The plat map of Quebec showed a grid of roads, with the north–south roads named Iowa Street, Jackson Street, Temperance Street, Knowledge Street, Liberty Street, Independence Street, and Eldora Street. The east–west streets were named Swedenburg Street, Beecher Street, Dodds Street, Hancok Street, Main Street, and South Main Street. Spaces for a school and public grounds were also allotted. Quebec was located in the southernmost portion of Pleasant Township, along the Chicago and North Western Railroad.

The Quebec post office operated from 1857 to 1865.

On June 3, 1860, a tornado hit southern Hardin County. While many areas of the county were affected, Quebec was solidly hit by the storm and three homes there were lost.

Another book, written in 1886, 26 years after the disaster, discusses the tornado destruction in Quebec (although it erroneously placed Quebec in Marshall County); after originating in Hardin County and hitting New Providence, "the next town on the line of destruction was Quebec [...]. This little hamlet was entirely obliterated, the houses with their contents being distributed upon the prairies.

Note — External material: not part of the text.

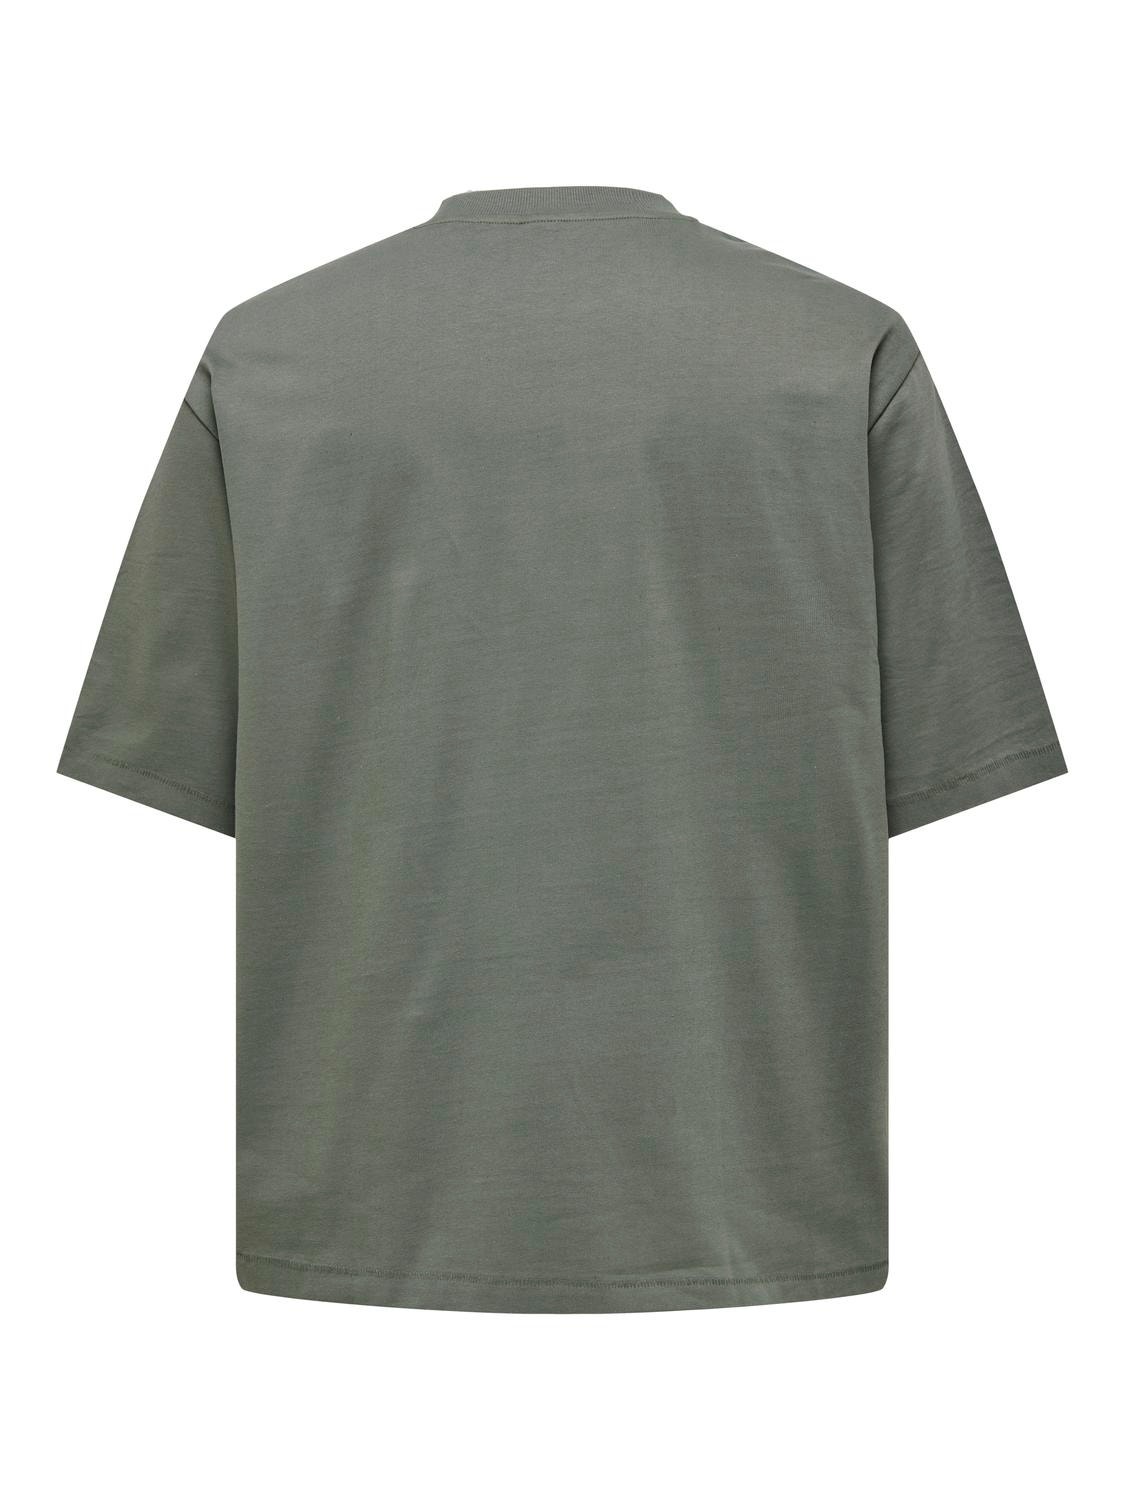 ONLY & SONS Oversize Fit Round Neck T-Shirt -Castor Gray - 22027787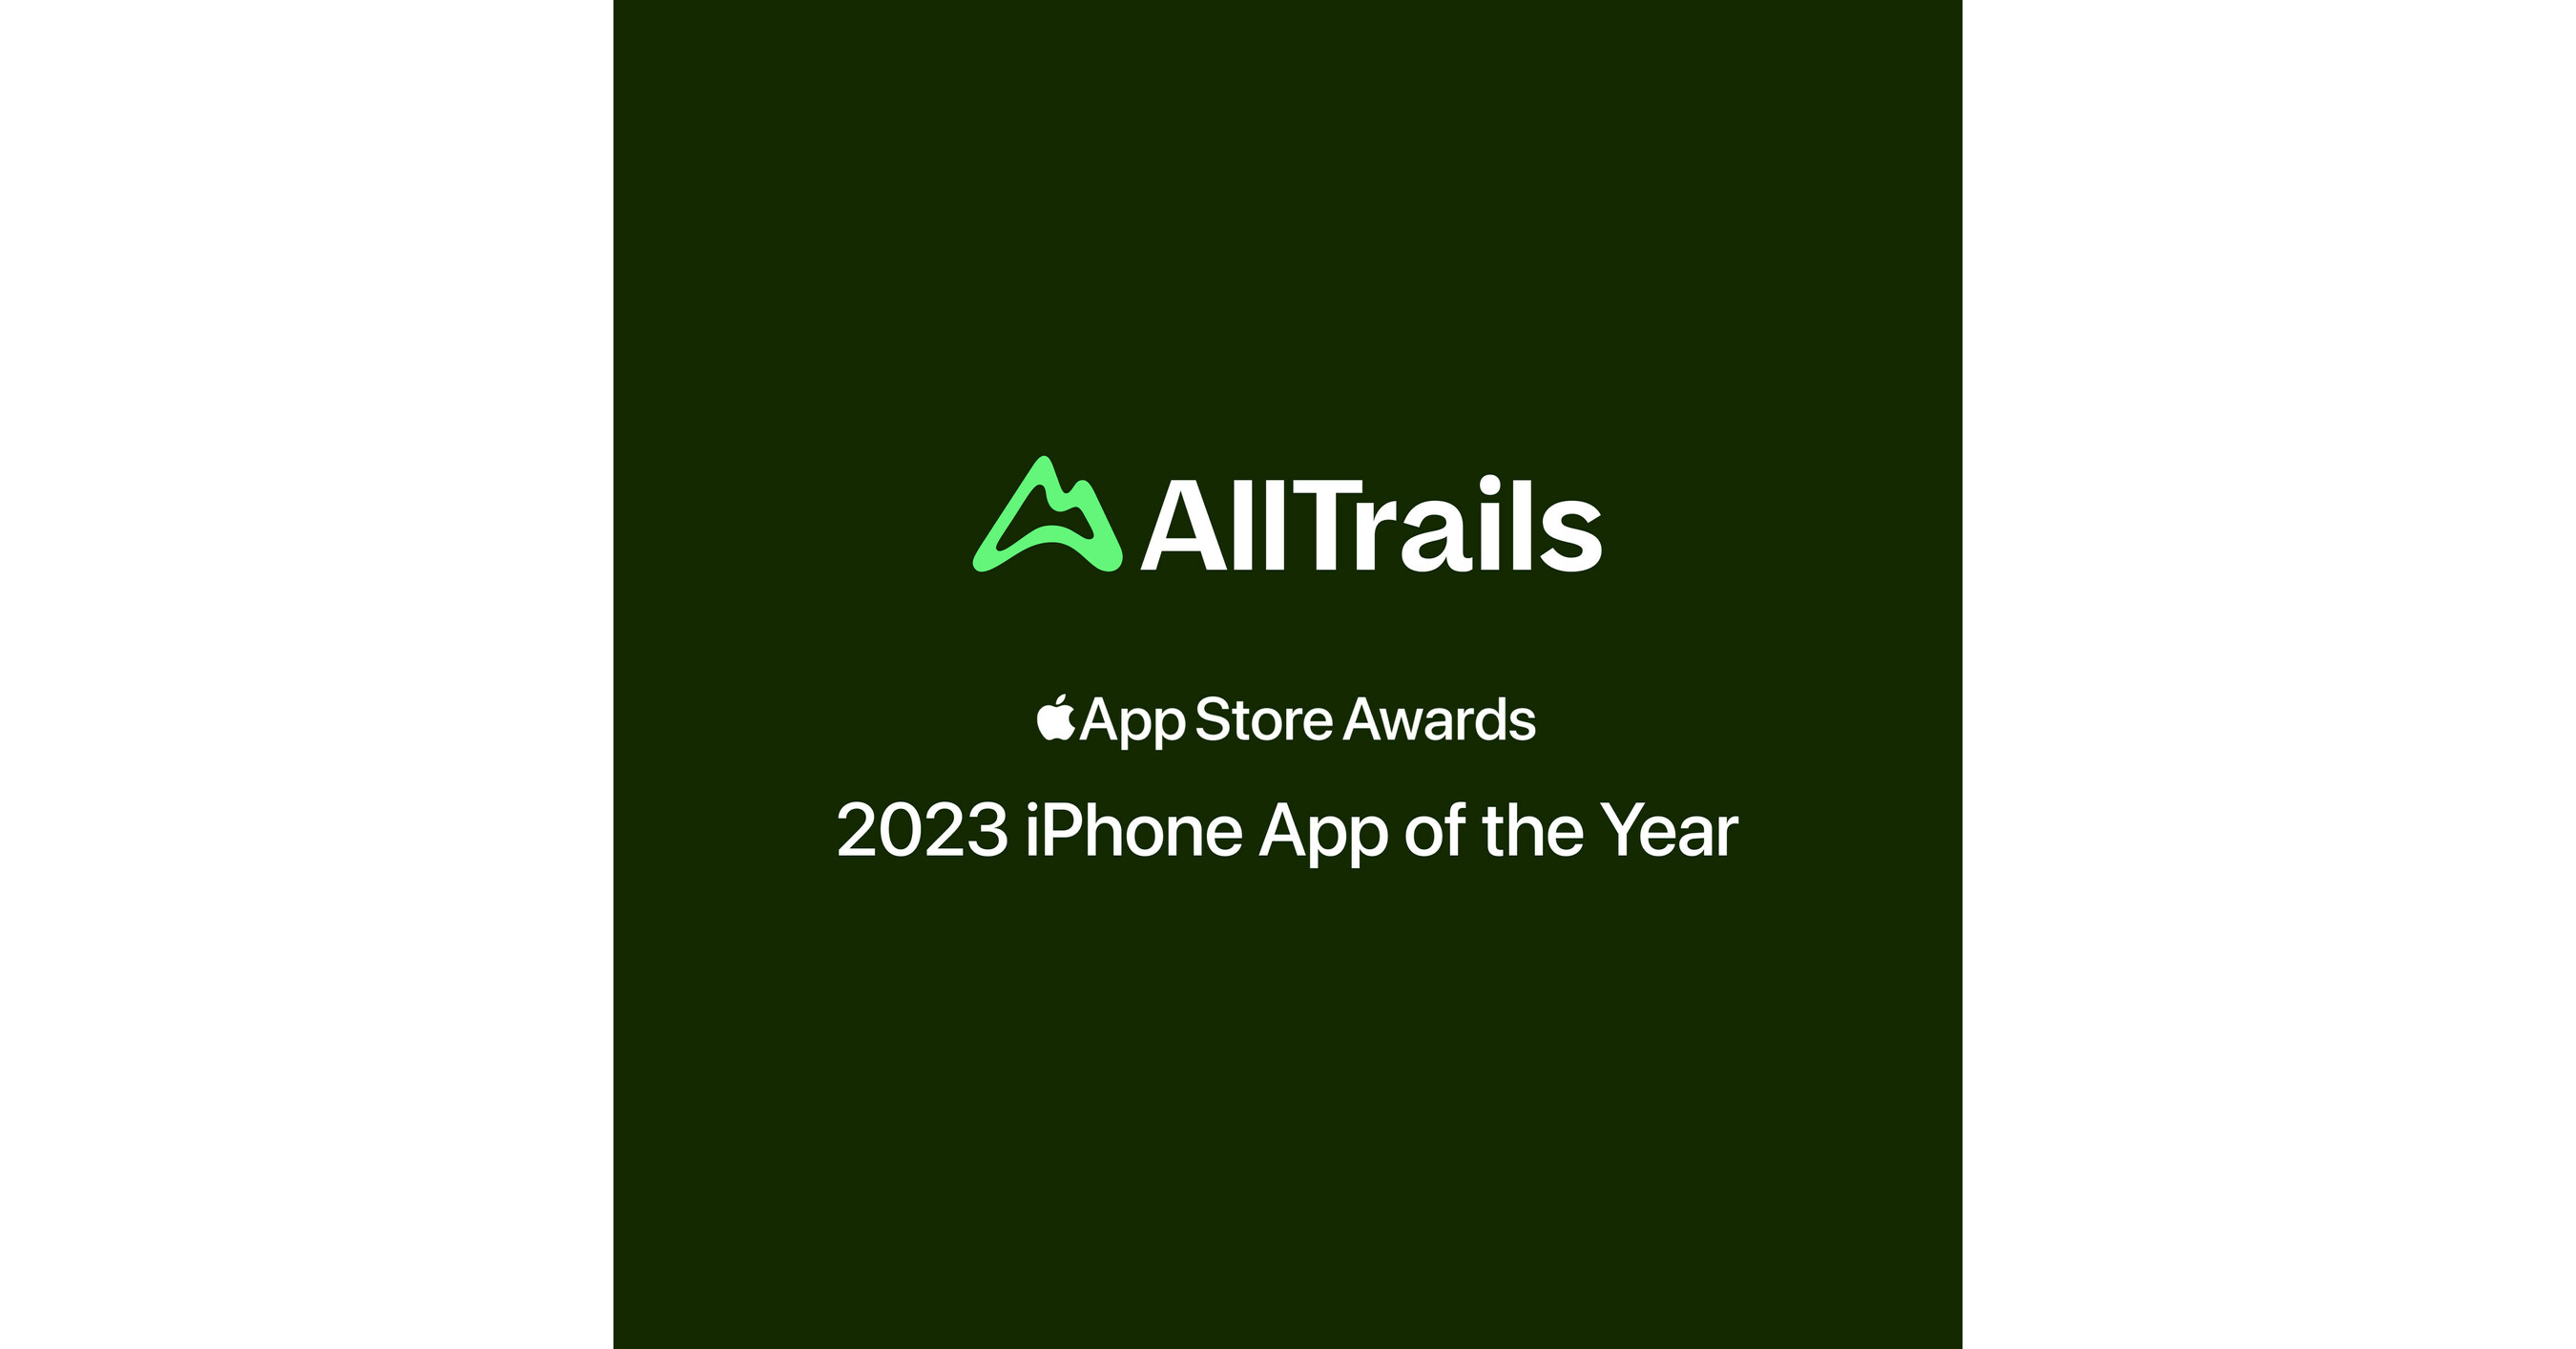 AllTrails Named Apple’s 2023 iPhone App of the Year

It was a marvel here that none were killed, although many were severely injured." The tornado continued east and caused further destruction across central and eastern Iowa and western Illinois.

The destroyed houses in Quebec were not restored, according to a 1953 news article.

Quebec still appeared on county maps c. 1912, when the Hardin County Ledger listed the community among other Hardin County ghost villages, including Georgetown, Hardin City, and Xenia.